— Dataset section —
################
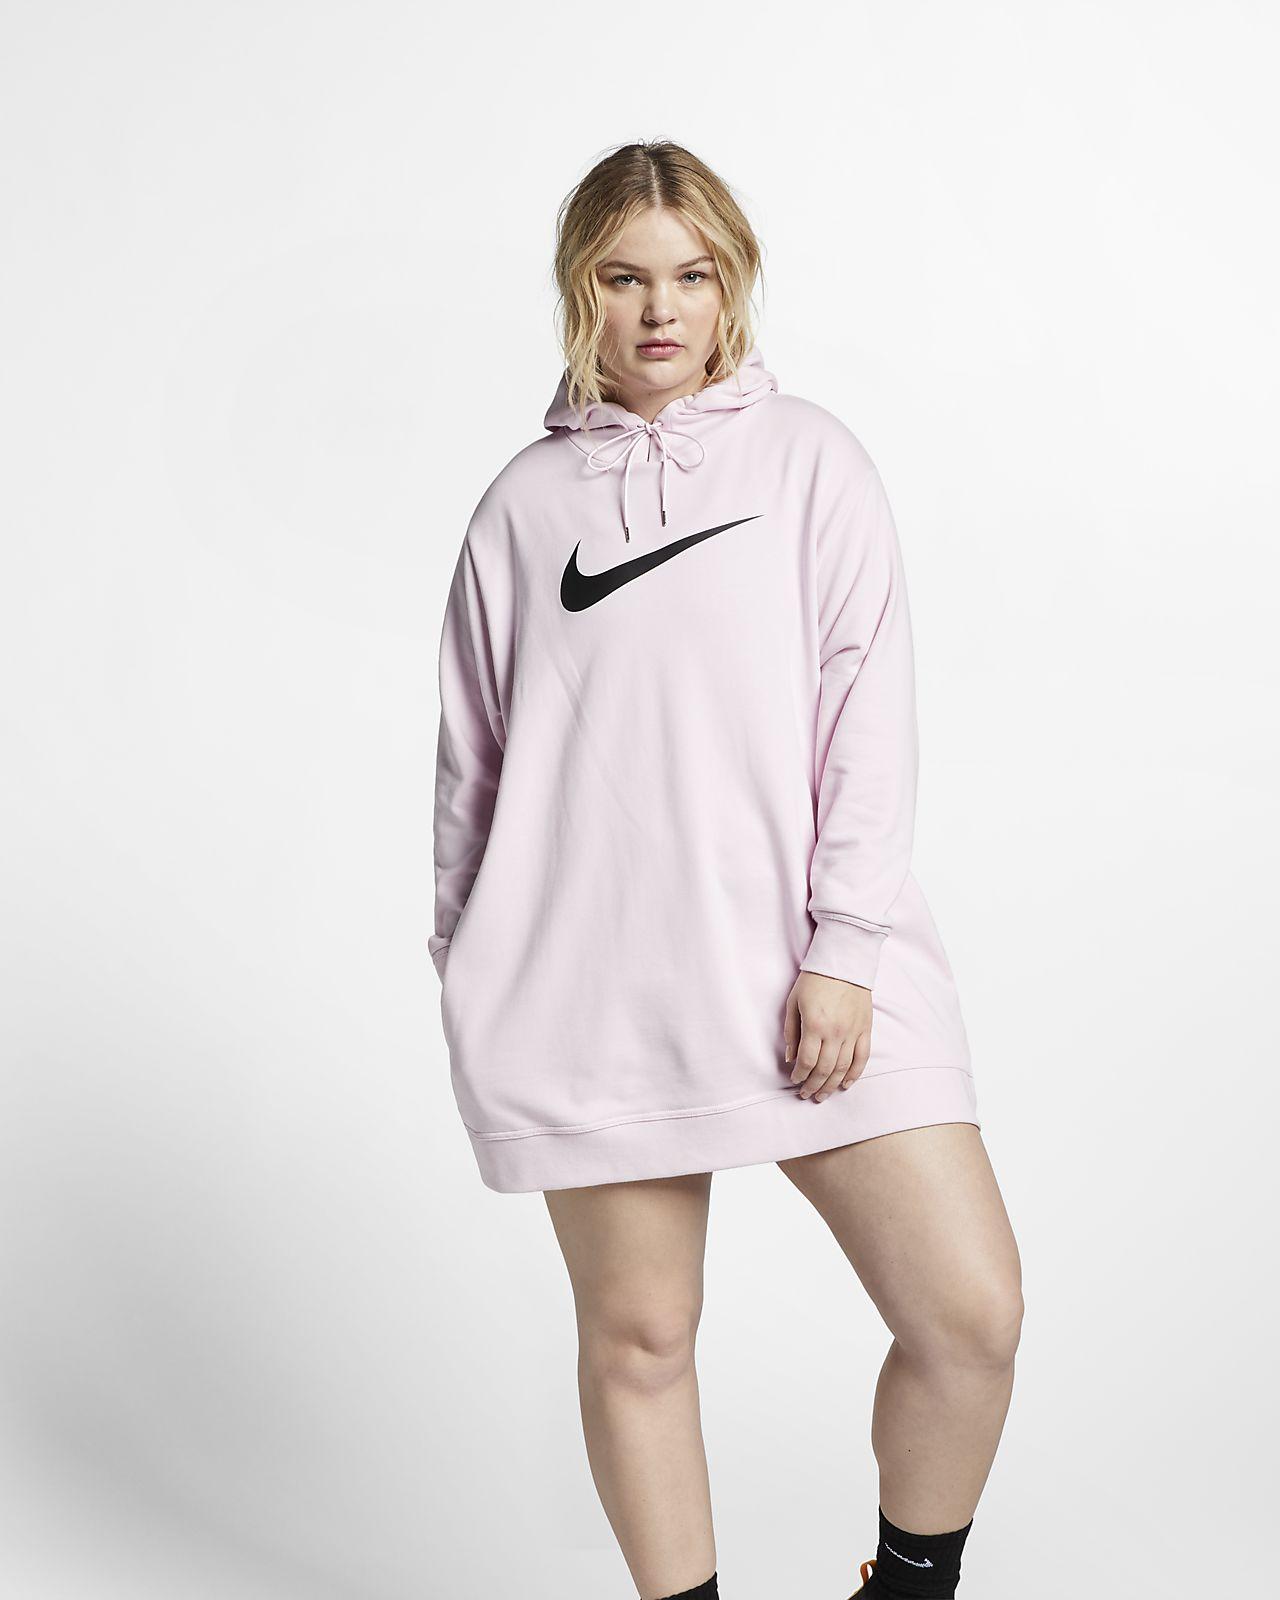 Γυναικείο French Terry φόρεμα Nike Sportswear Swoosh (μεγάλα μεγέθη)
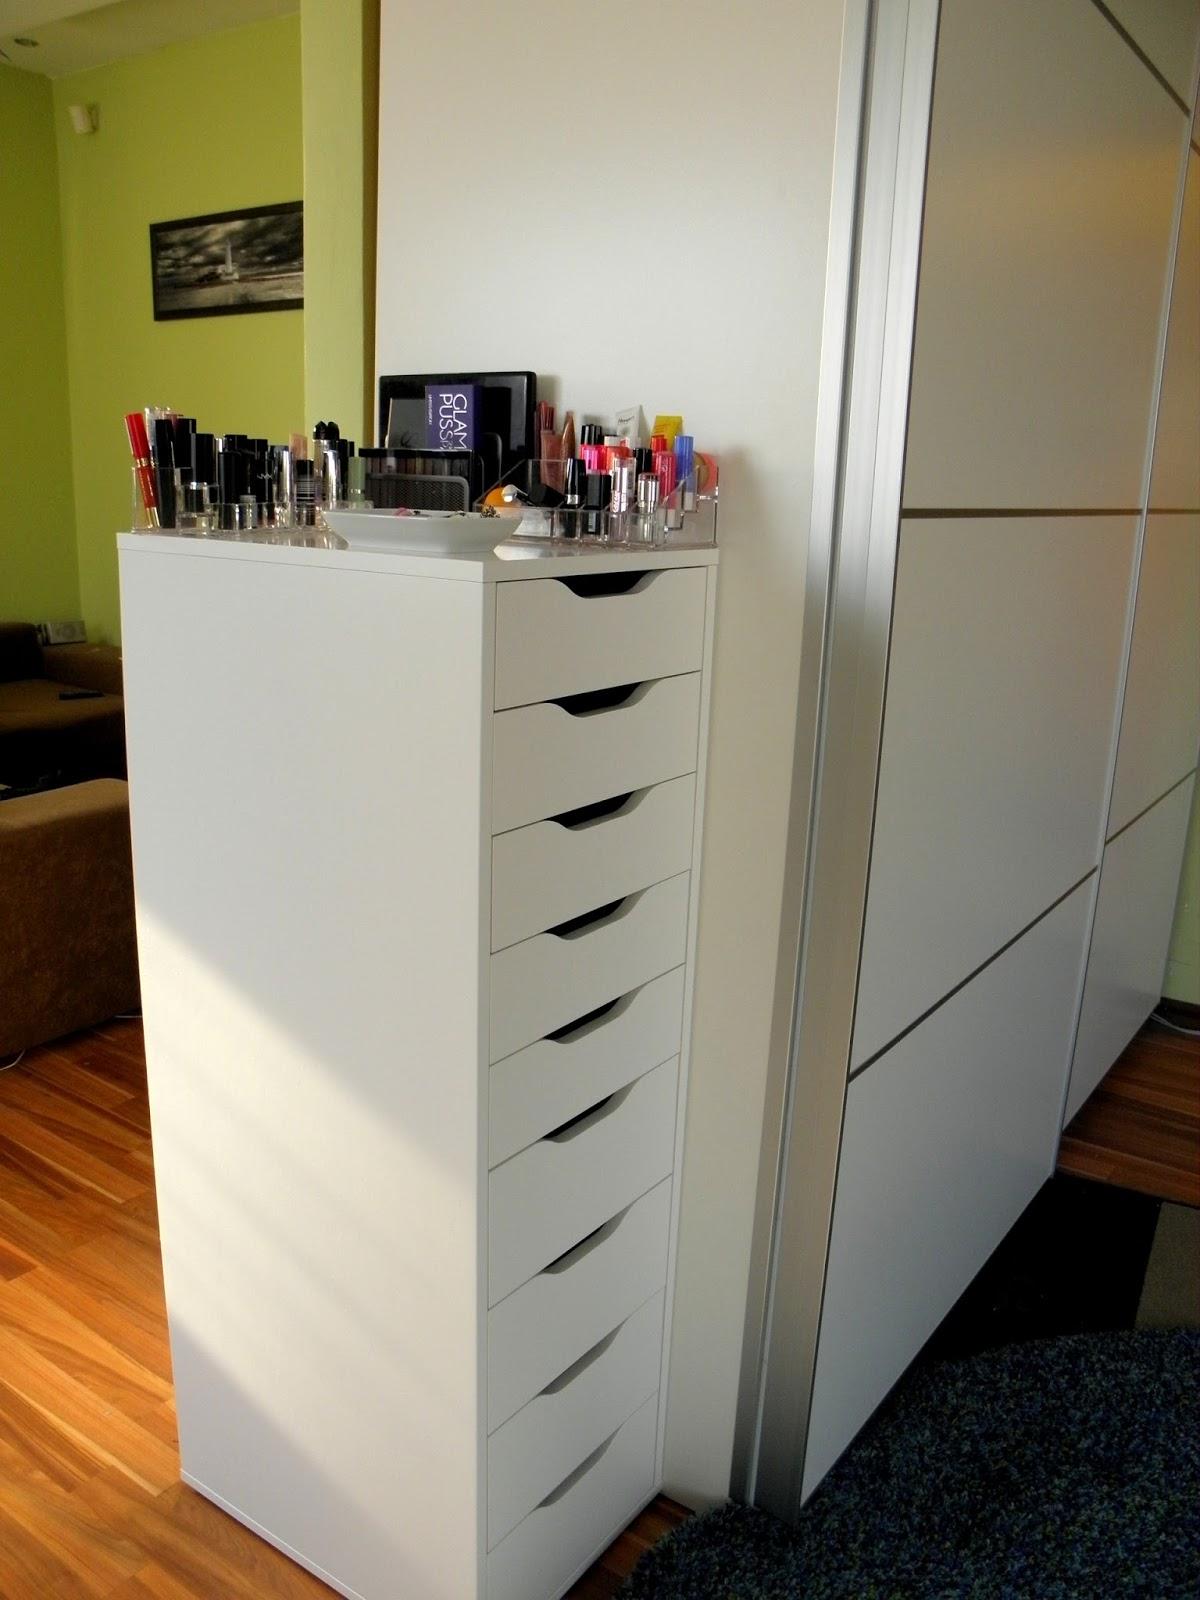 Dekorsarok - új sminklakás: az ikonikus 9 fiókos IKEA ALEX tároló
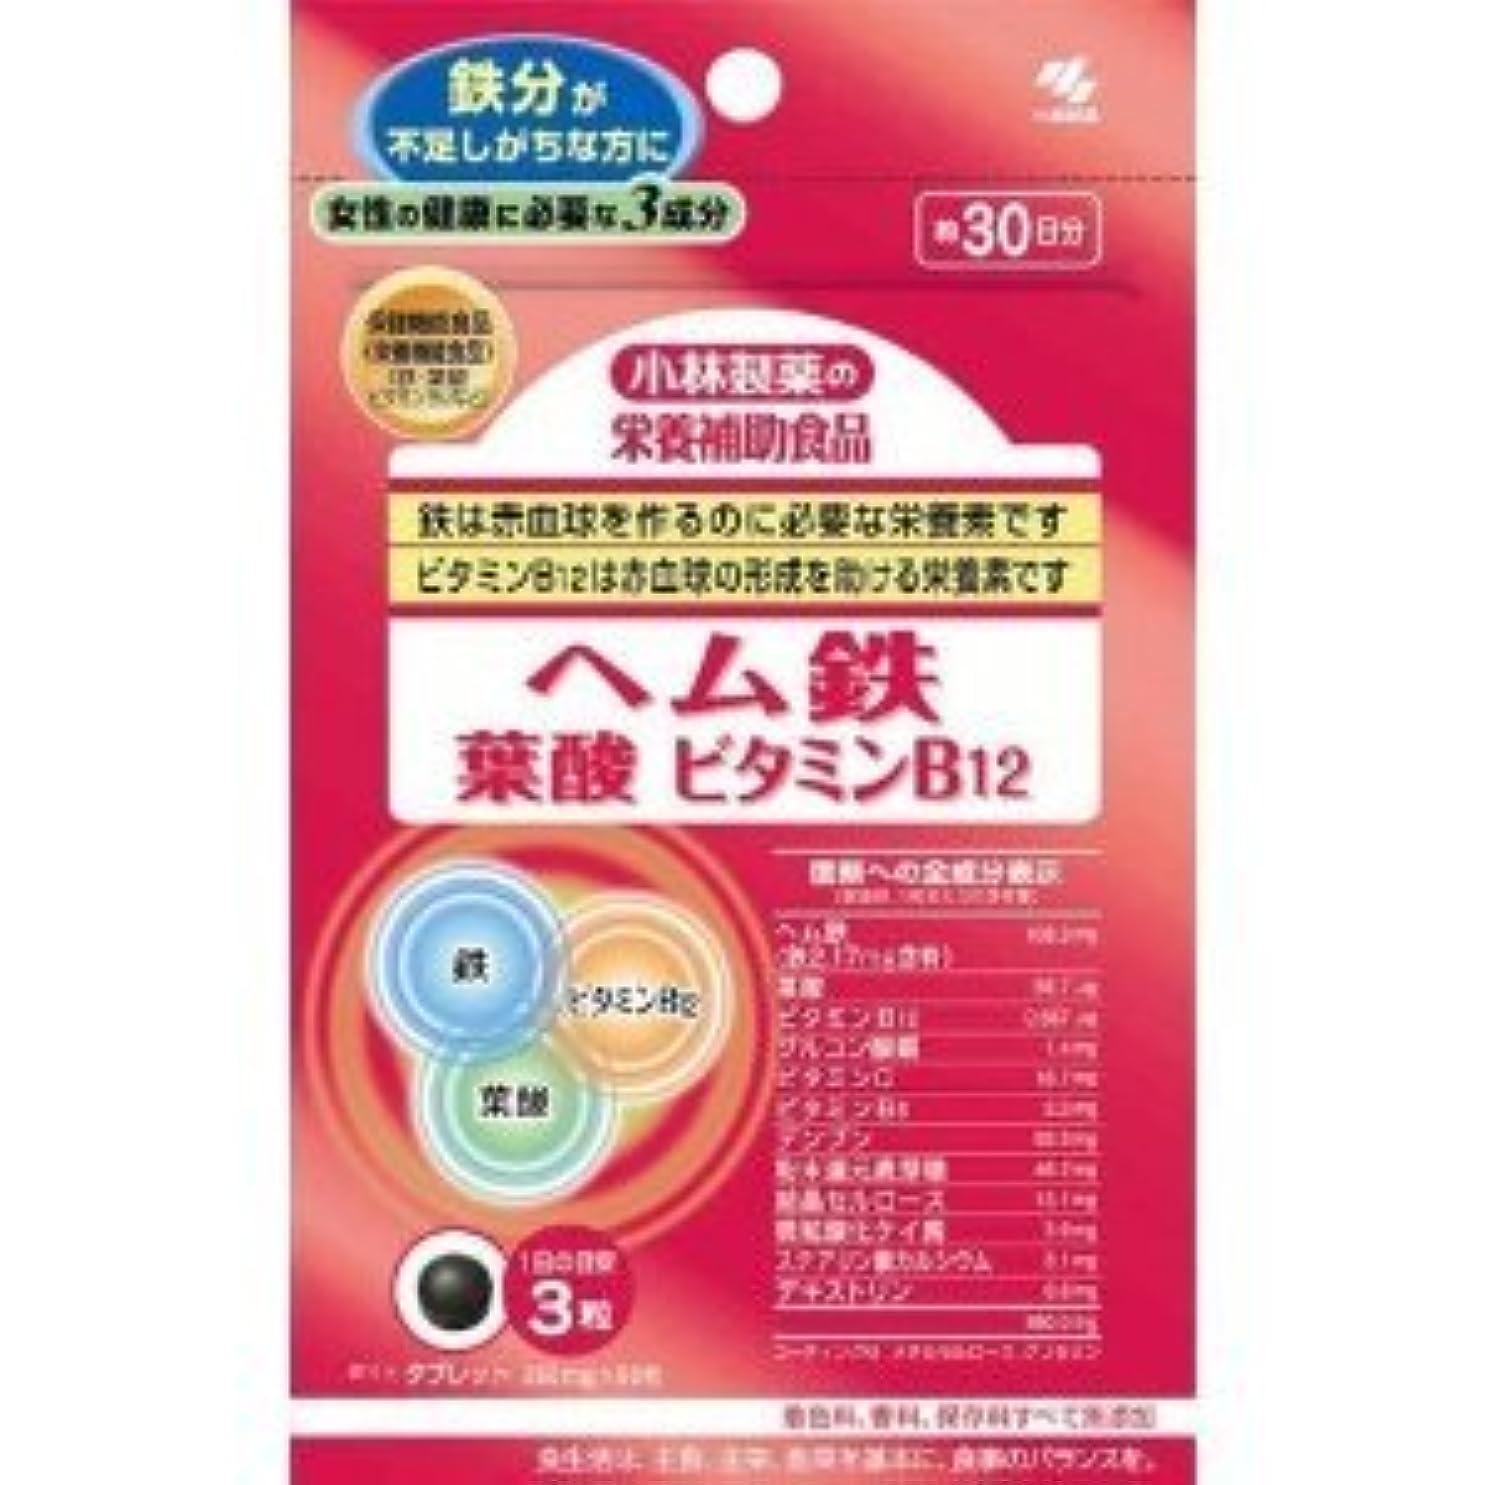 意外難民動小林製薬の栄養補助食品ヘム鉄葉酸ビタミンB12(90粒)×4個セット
################
— What you are asked to do —
The response must restate each line of the material above exactly and contain no images.

— Task result —
 Γυναικείο French Terry φόρεμα Nike Sportswear Swoosh (μεγάλα μεγέθη)
 Dekorsarok - új sminklakás: az ikonikus 9 fiókos IKEA ALEX tároló
 意外難民動小林製薬の栄養補助食品ヘム鉄葉酸ビタミンB12(90粒)×4個セット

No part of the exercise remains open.